There is also new seating along the Left Bank of the Seine, which runs from the Musee d'Orsay to the Eiffel Tower. This seating looks a bit different: modular, block-like, and comprising many levels and layers.
This new type of bench was an immediate success, offering people many creative ways to make themselves comfortable or set up a shared meal.
Paris Plage Seating along the Seine
If the Paris Plage is a laboratory to define comfort and social gathering for Public Spaces along Paris waterfronts (we think it is), its seating is one of its most successful experiments.
Everything from beach sling chairs to beanbags lines this now-iconic waterfront space, offering delightful and playful options for relaxing, sunbathing, or reading.
Many of these seating options are also movable, enhancing the creativity and sociability in how people use the space.
Bassin de la Villette: Where all of Paris comes together
Much like the temporary activations along the Seine, the Bassin de la Villette is enormously creative, festive, and dynamic; an experience for everyone to enjoy. It is a wonderful mix of active programming and restful activities. At the heart of it all is the seating: it provides an anchor for all the playing, swimming, games, events, and eating that take place there.

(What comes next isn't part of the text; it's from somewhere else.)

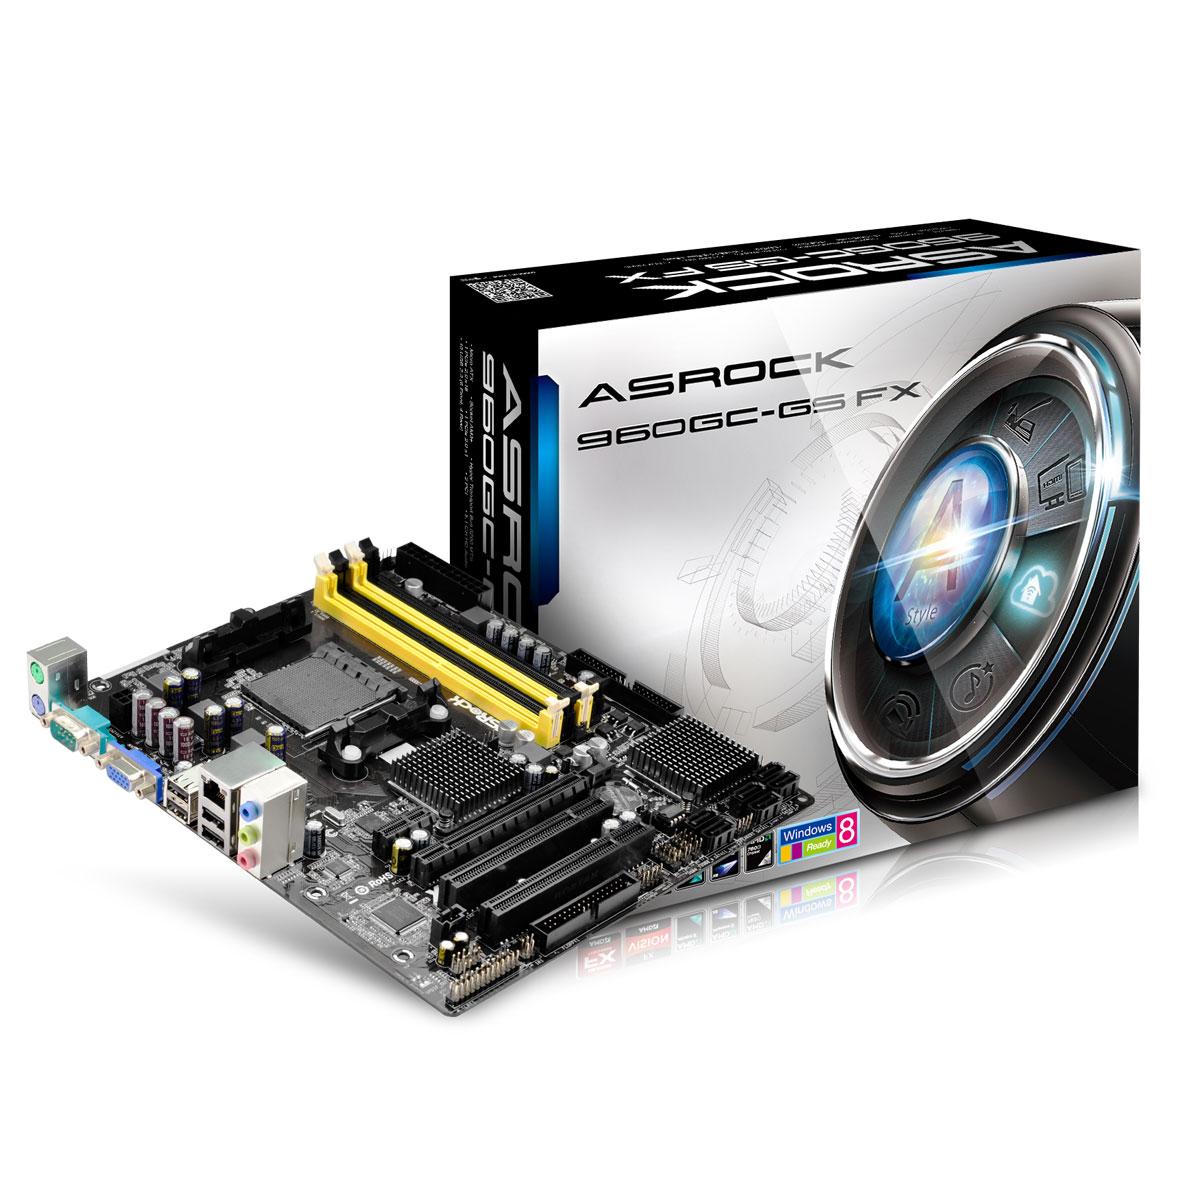 Carte mère ASRock 960GC-GS FX Carte mère Micro ATX Socket AM3/AM3+ AMD Radeon 3000 Vidéo intégrée - SATA II 3Gb/s - USB 2.0

This is one of the most vibrant, inclusive, engaging public spaces we have ever experienced, due in large part to its offering of a comfortable place to sit and rest.
Don't Forget to Dance
Much like the movable chair, Paris is not static — and COVID-19 has certainly had a big impact. Could Paris and other cities experiment with their reopening by leading with seating of all kinds? Revisiting these images from our various trips to Paris led us to wonder why we don't have the same possibilities in any of the other cities we visit frequently, including our own NYC.
Many might think of Paris and other iconic cities as historic, living museums, but because of the amount of activity on the sidewalks, in public spaces, and along the waterfronts, the city is constantly changing. All of this activity is supported by comfortable places to sit: One only has to sit down and watch to see the changes unfold.